I smiled to myself at the idea of anyone trying to offer my uncle a bribe. A slight man in early middle-age, partly bald with a fringe of dark curly hair, he had keen blue eyes that usually managed to see everything going on. By profession he was a geologist, who might have made a fortune in mining but who preferred to retire on a moderate income to devote himself to scientific studies and to his duties at Western University as Chairman of the Board of Trustees.

“No doubt you’re right,” I said; “but why has Dr Marlin stipulated that only two persons watch his demonstration?”

“He says that more might set up too many conflicting thought waves and make his success more difficult.”

“I wonder,” I said. “He may be an expert magician who thinks he can deceive two persons easier than a crowd.”

“I doubt it, Jimmy, If even Houdini couldn’t work the rope trick, I don’t think this Dr Marlin can.”

The next morning my uncle and I left the American Consulate in Del Rio City, and in a hired car drove for half an hour along a desolate coast to Dr Marlin’s coffee finca (plantation). The house was on a slight rise near a secluded bay with a small island about two miles off-shore. At hand was a wharf with a motor-boat moored to it. Dr Marlin’s house, to my surprise, was a white two-storied mansion suggesting the Southern United States rather than Central America.

As our car pulled up, we saw three figures awaiting us on the veranda.
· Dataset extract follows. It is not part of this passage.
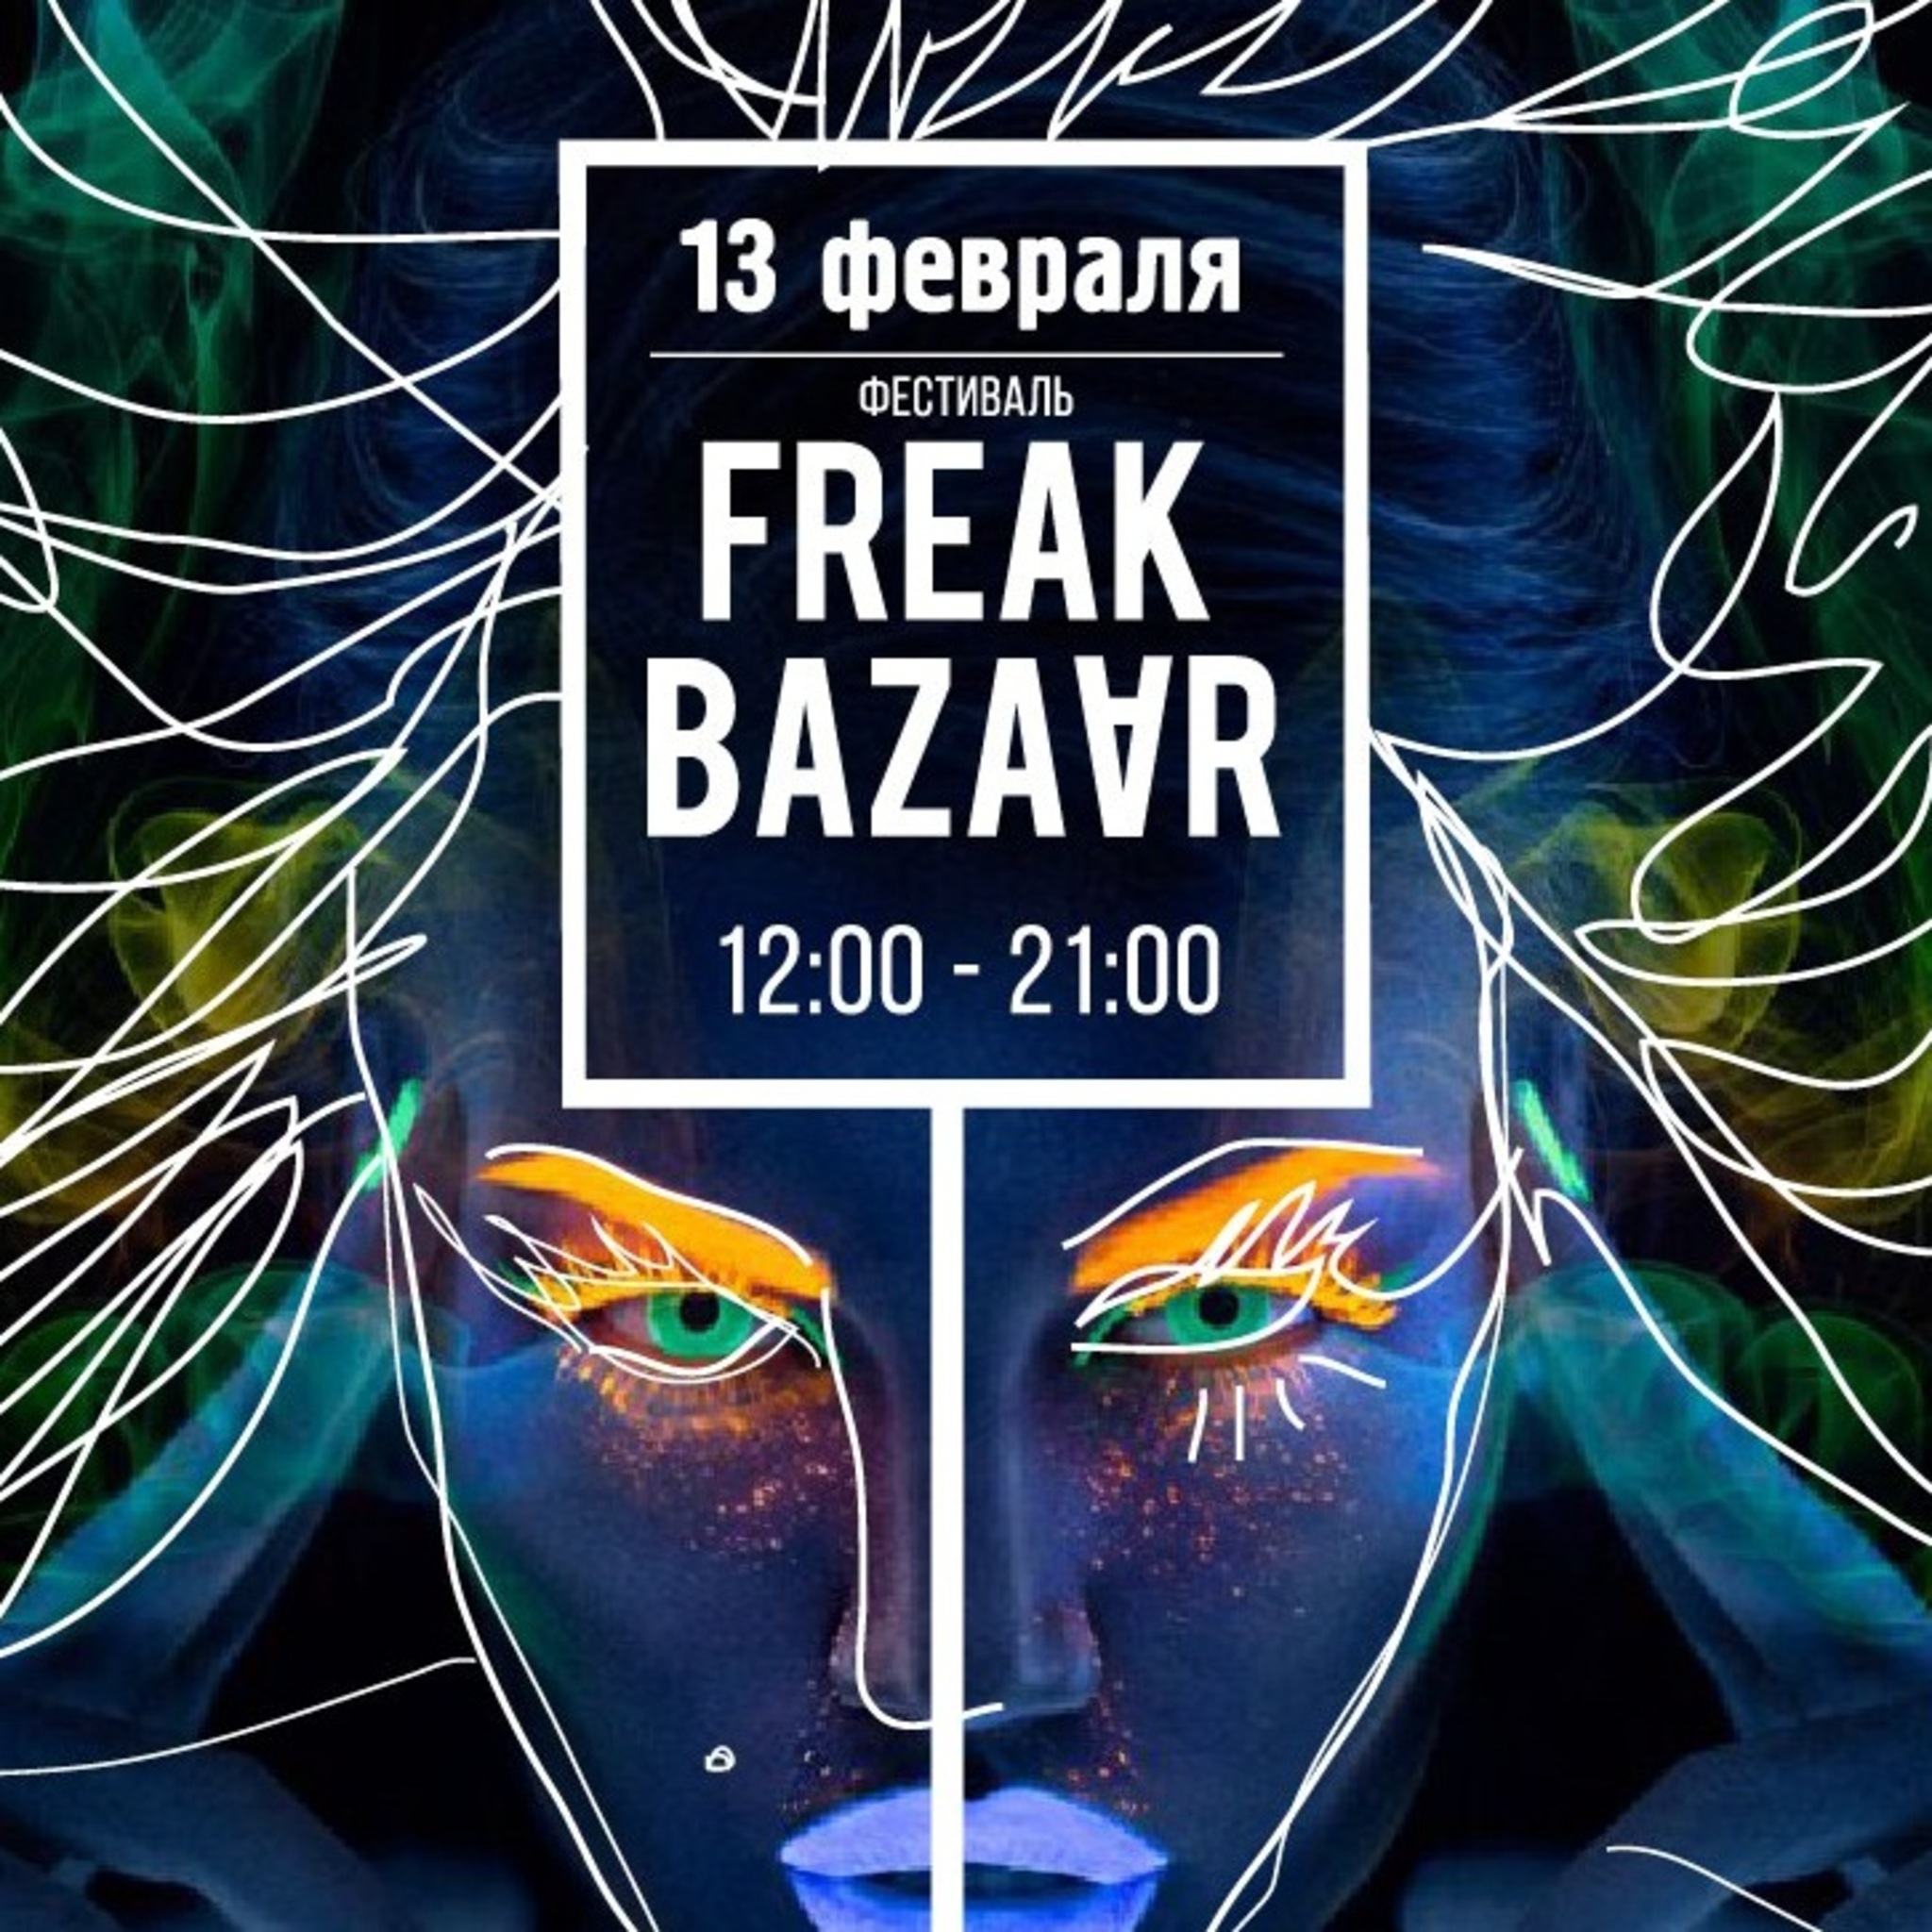 Festival Freak Bazaar
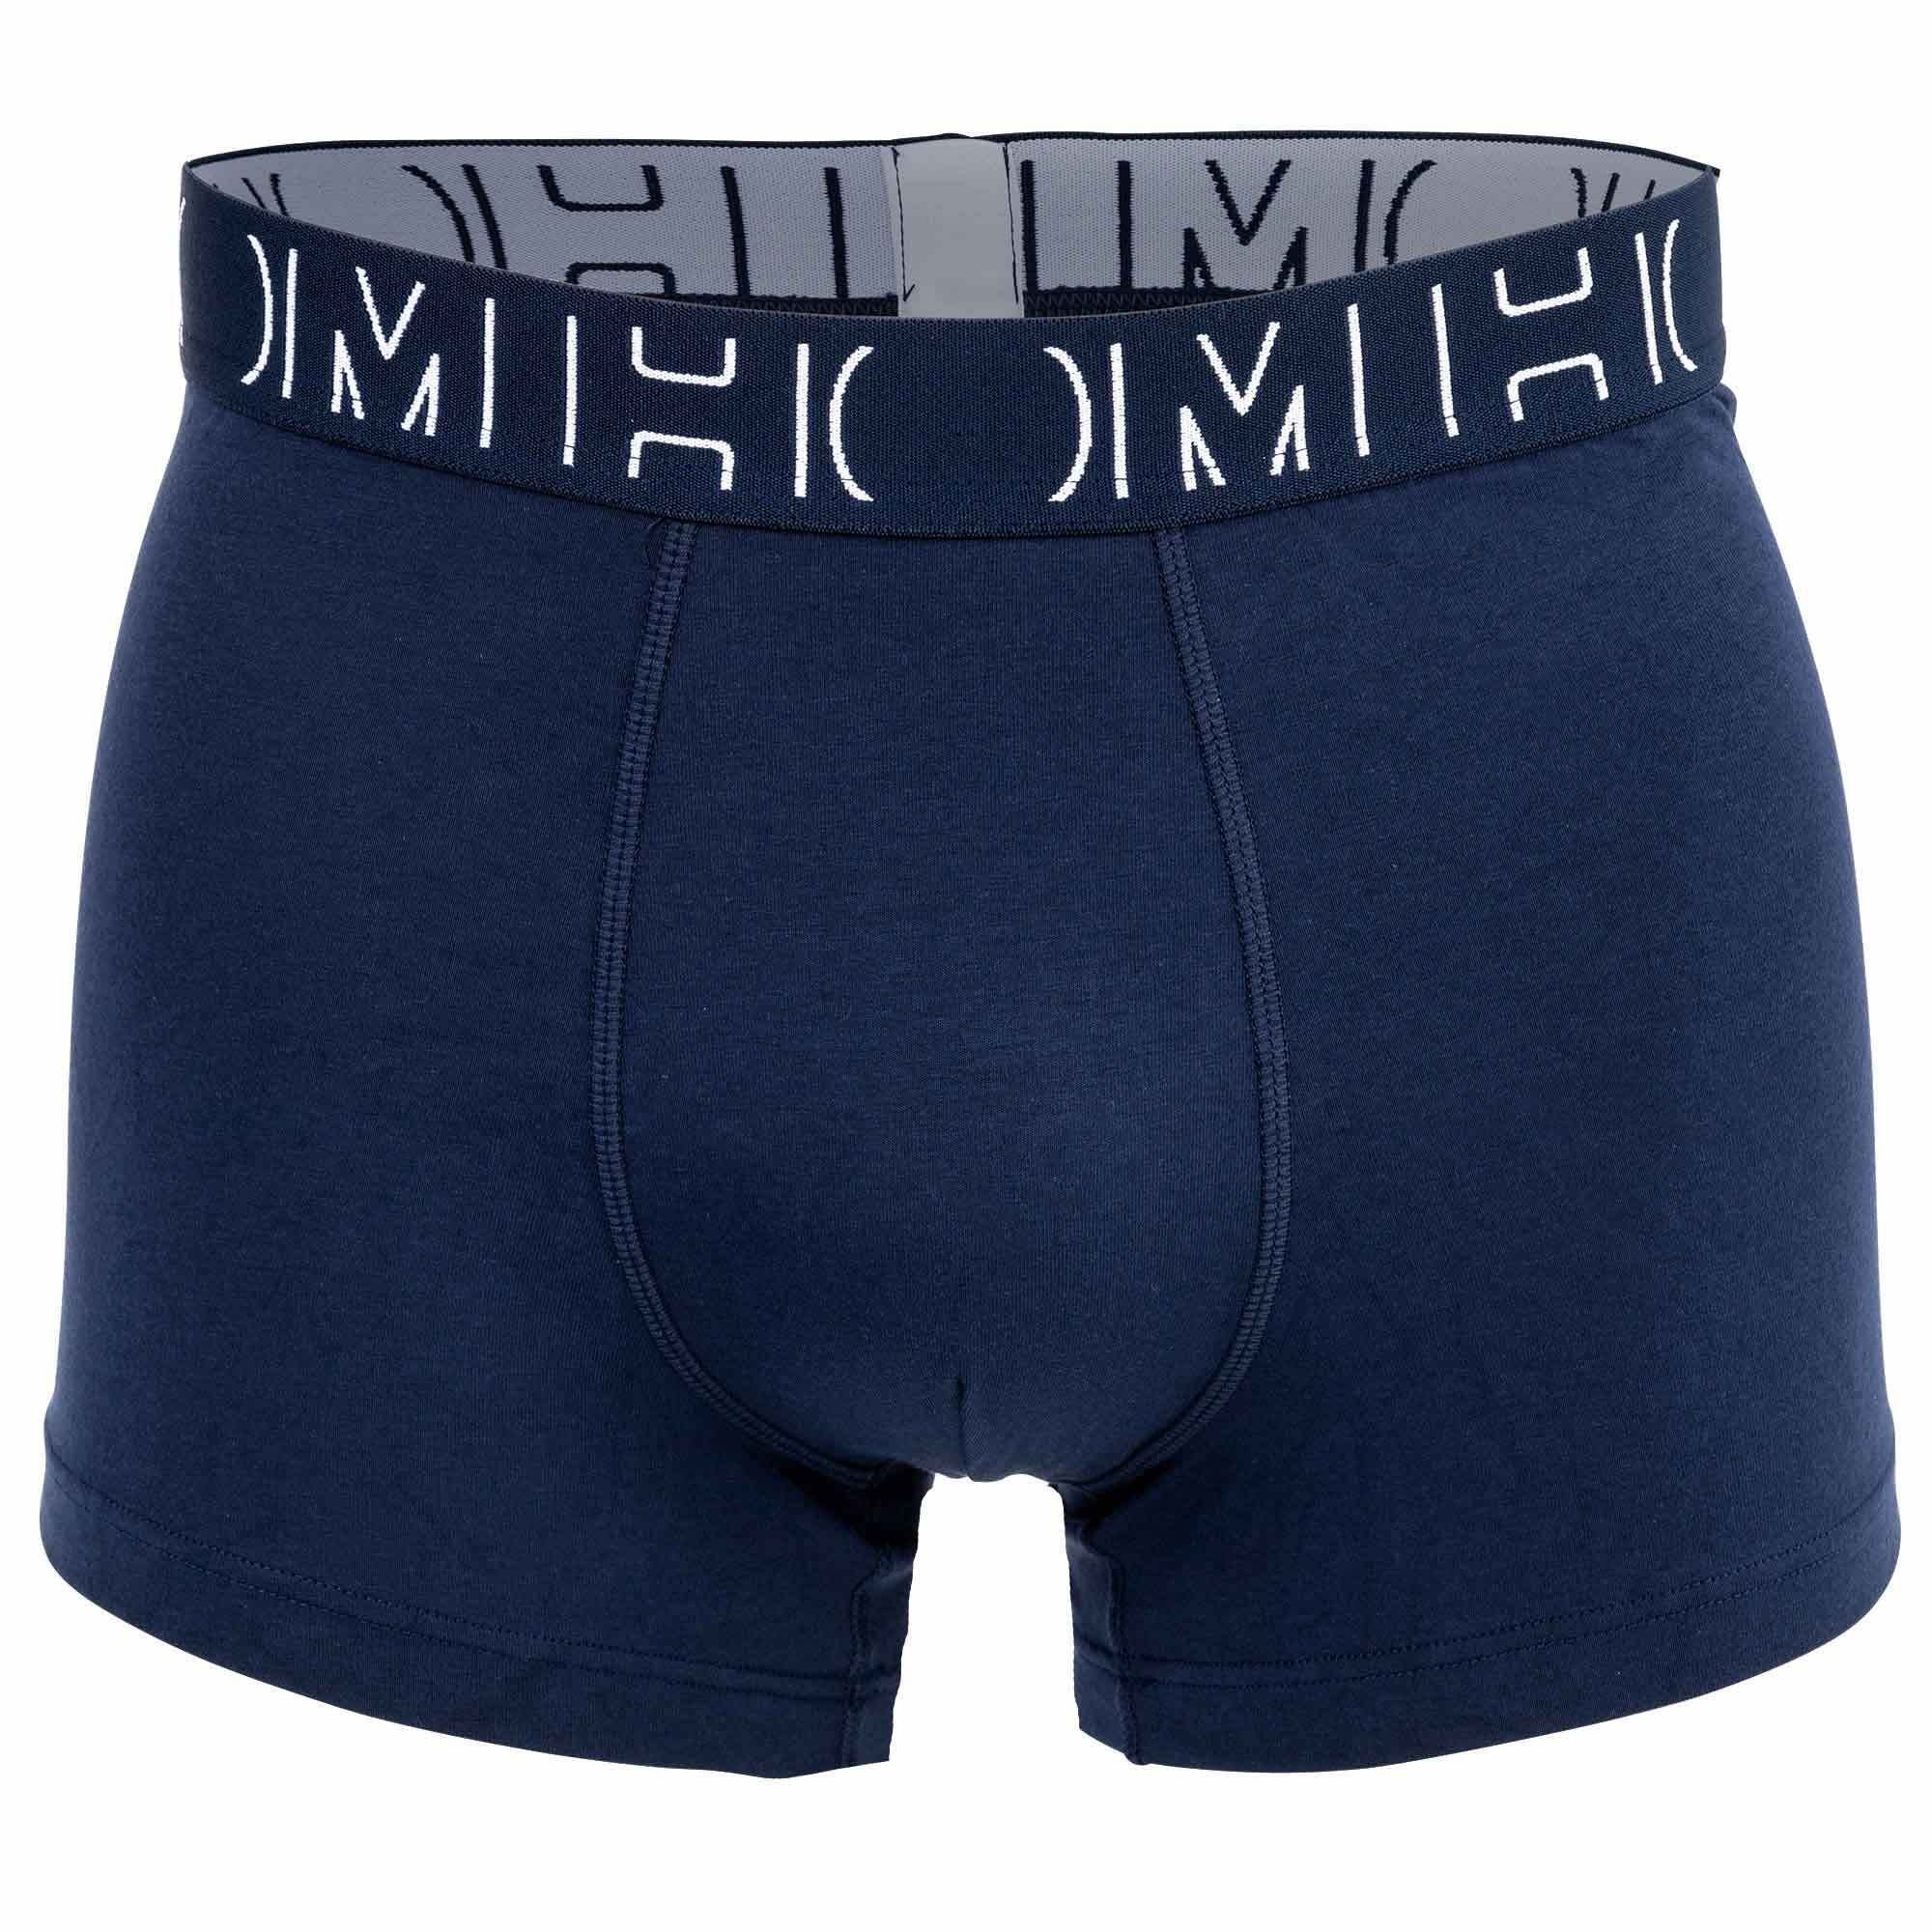 Boxer Shorts #2, Herren Briefs, Hom - Pack Alex 3er Boxer

One, slightly in the lead, a European wearing a white linen suit, stepped forward and introduced himself as the claimant, Dr Clive Marlin. I looked at him with interest mixed with apprehension, but his manner was perfectly normal. He was a tall, distinguished-looking man of about fifty with thick iron-grey hair and a clipped moustache. A monocle was in his right eye, and his speech was apparently that of a cultured Englishman. But I thought I noticed just a trace of some foreign accent.

After a few words to us, Dr Marlin beckoned the other two forward and presented them as his assistants, Mustapha and his son Ali. My uncle and I spoke to them in Spanish, but the two only bowed and Dr Marlin explained that they only understood Hindustani.